▶ _Records to use_
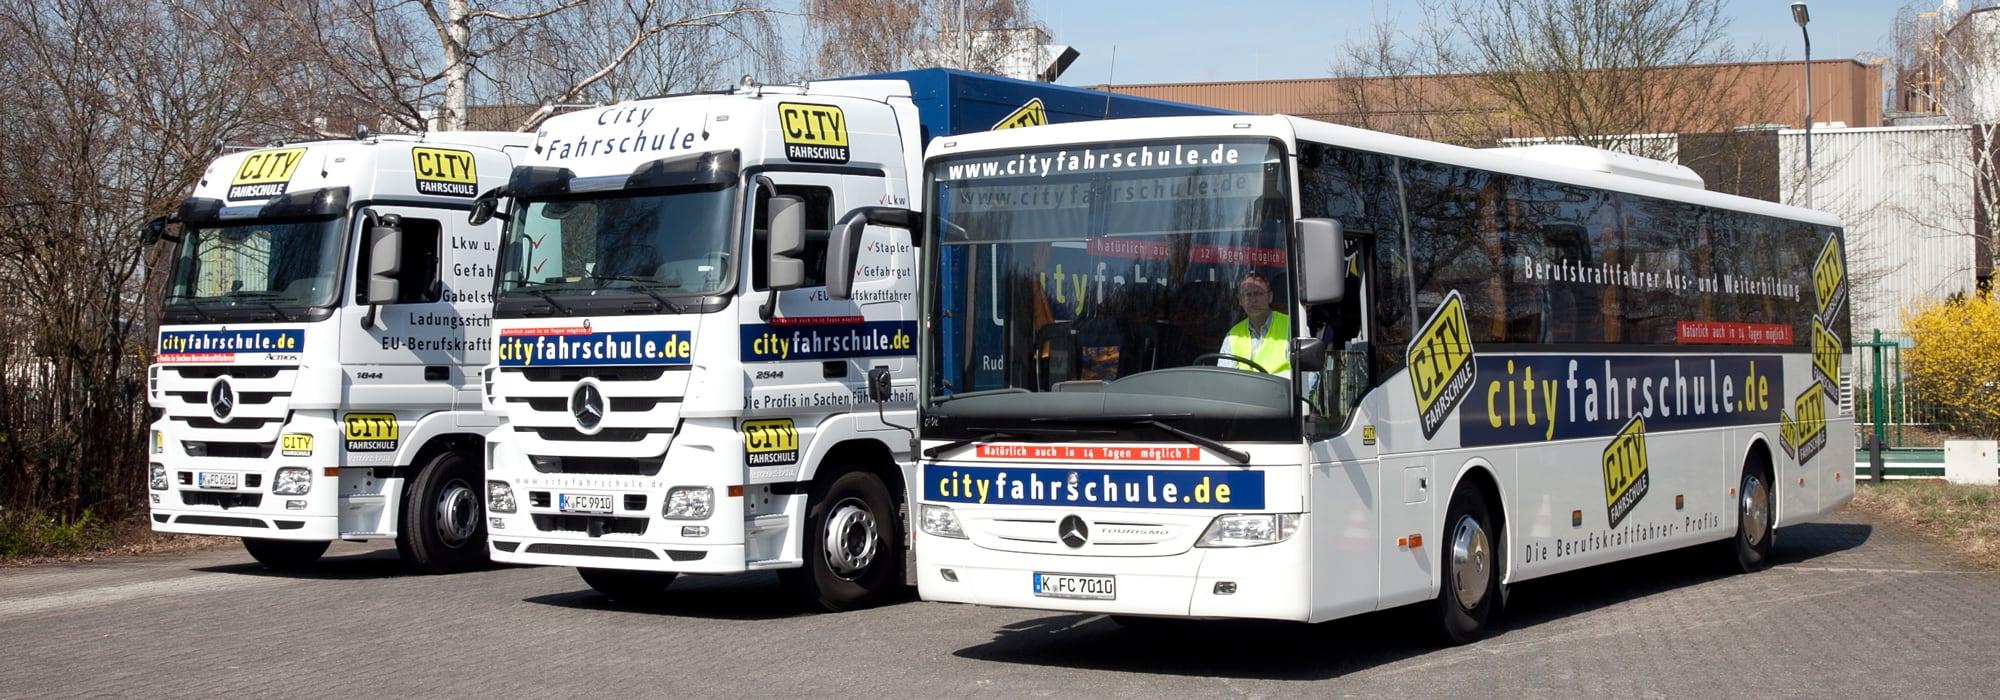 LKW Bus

...

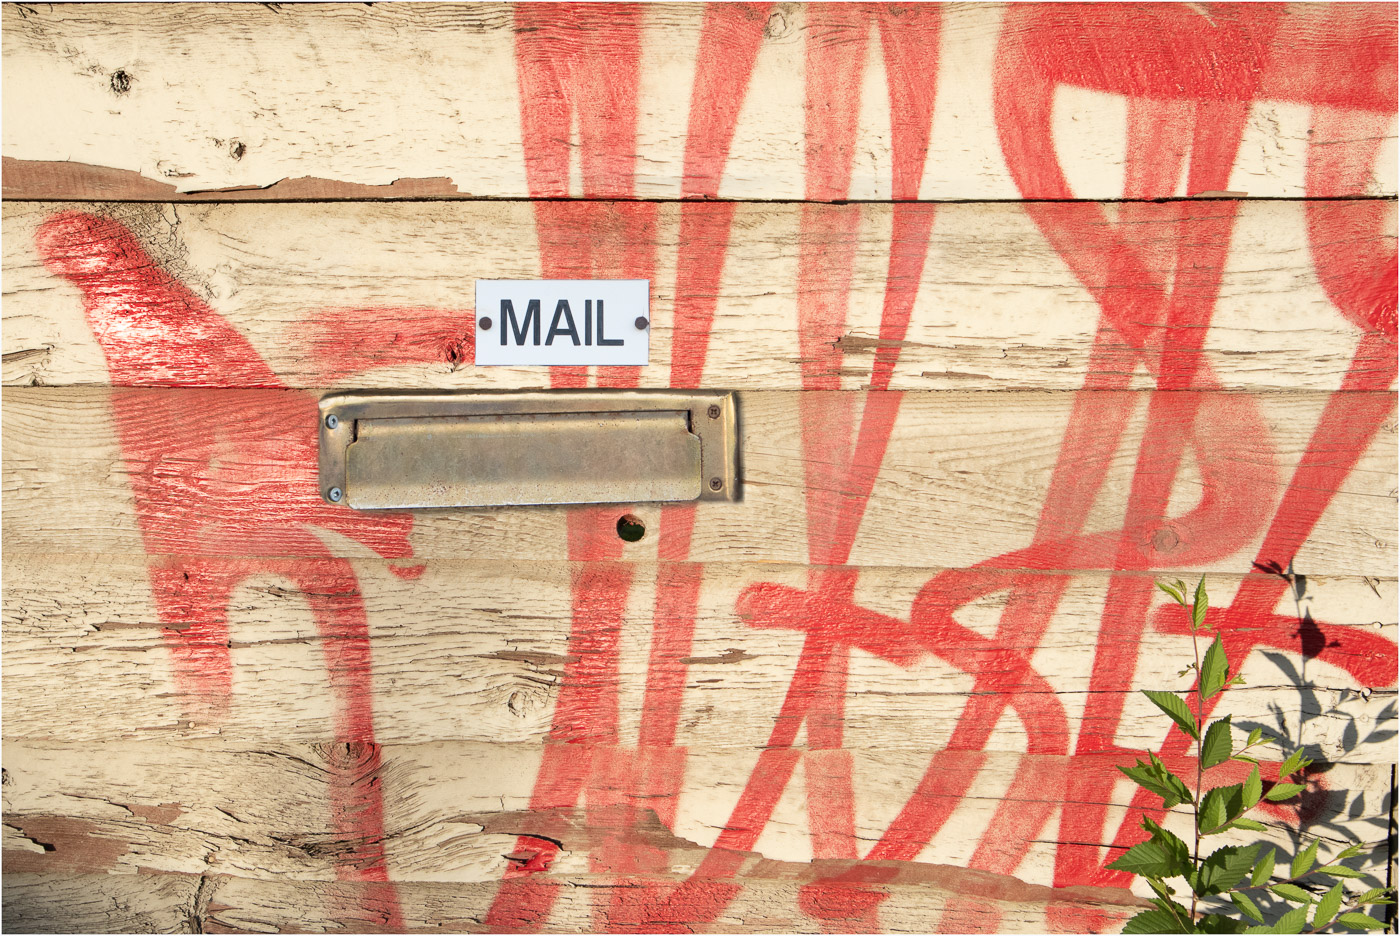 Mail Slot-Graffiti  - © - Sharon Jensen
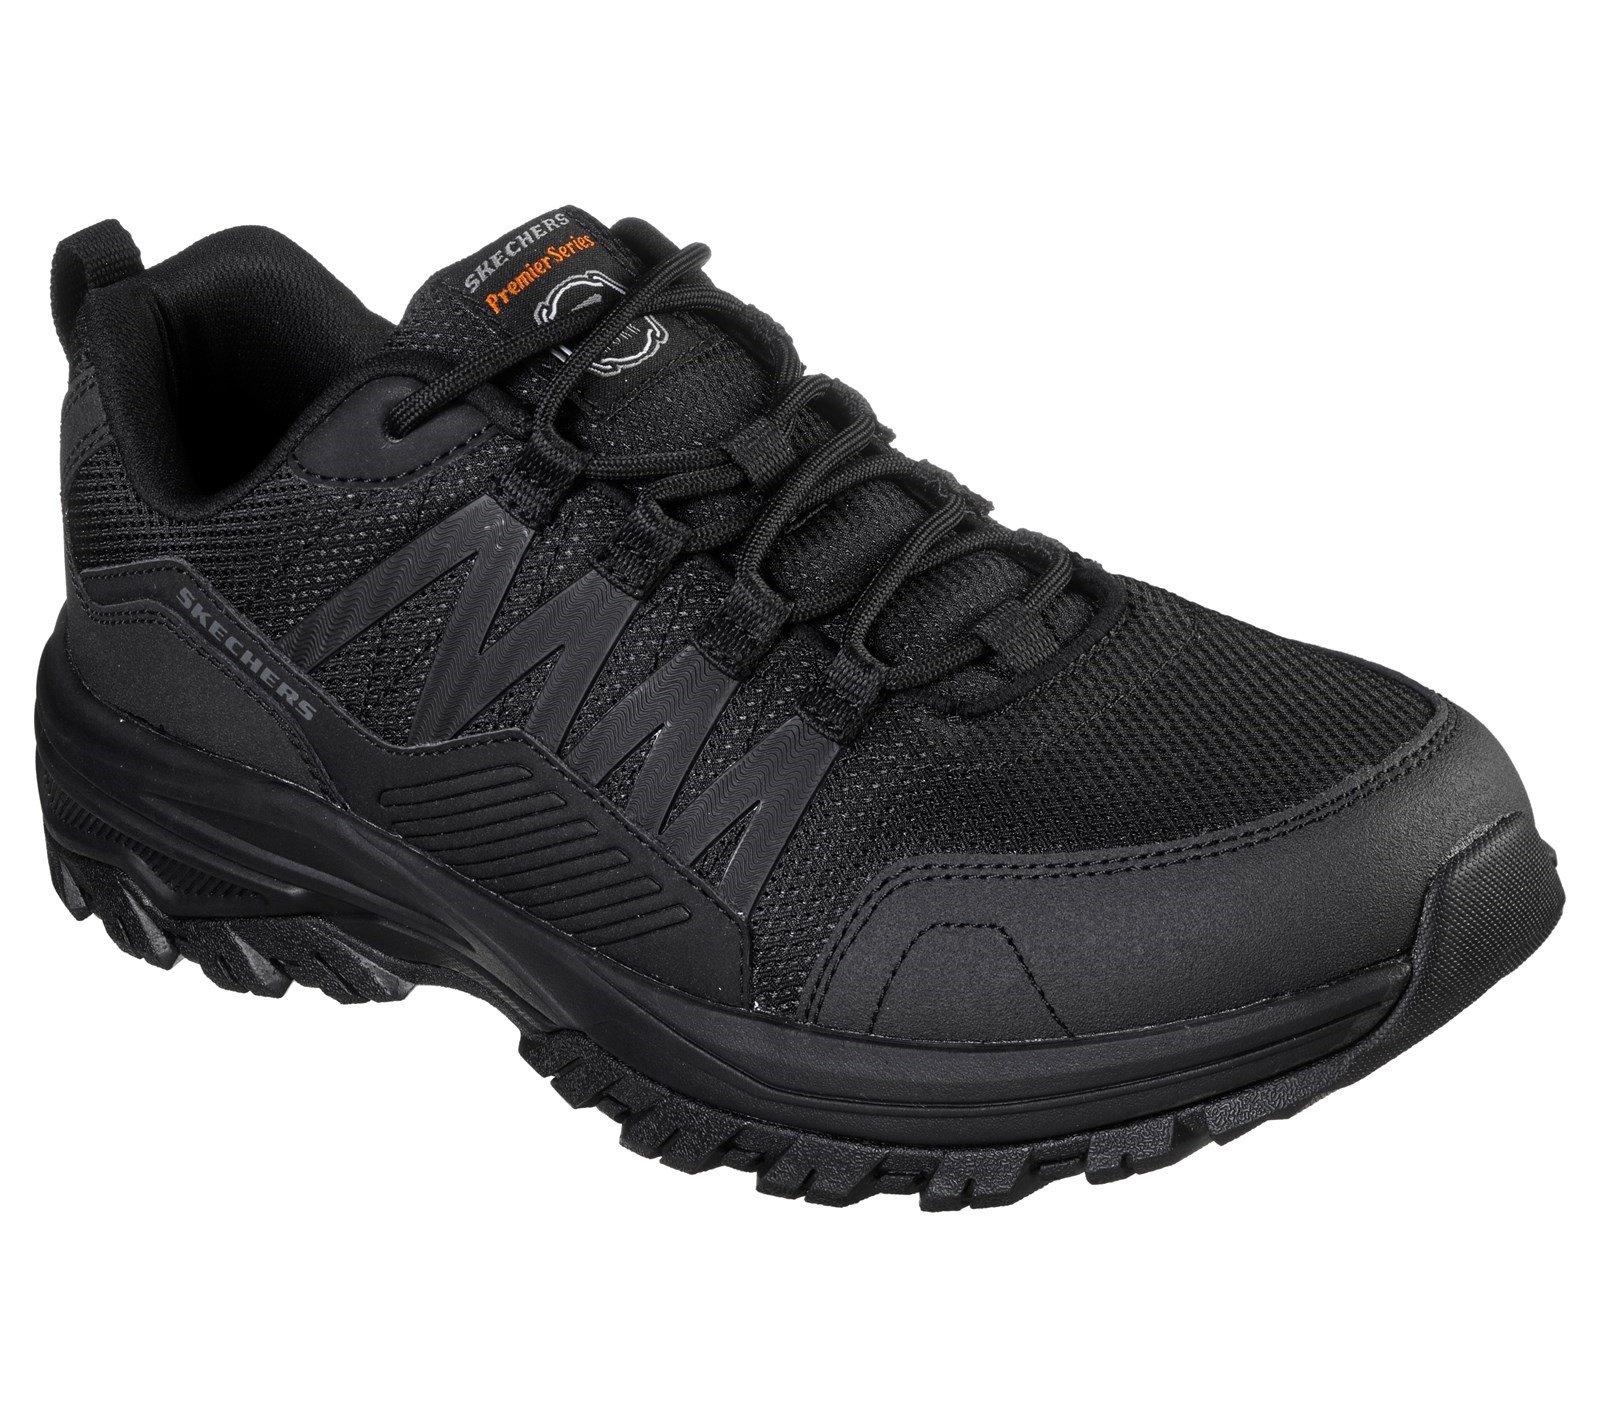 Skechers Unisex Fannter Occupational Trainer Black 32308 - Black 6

▶ _Requirement_
In the listing above, find the line with "- Sharon Jensen" and the line with "Skechers Unisex Fannter". Copy exactly those two and every line between, without the pictures.

▶ _Your response_
 Mail Slot-Graffiti  - © - Sharon Jensen
 Skechers Unisex Fannter Occupational Trainer Black 32308 - Black 6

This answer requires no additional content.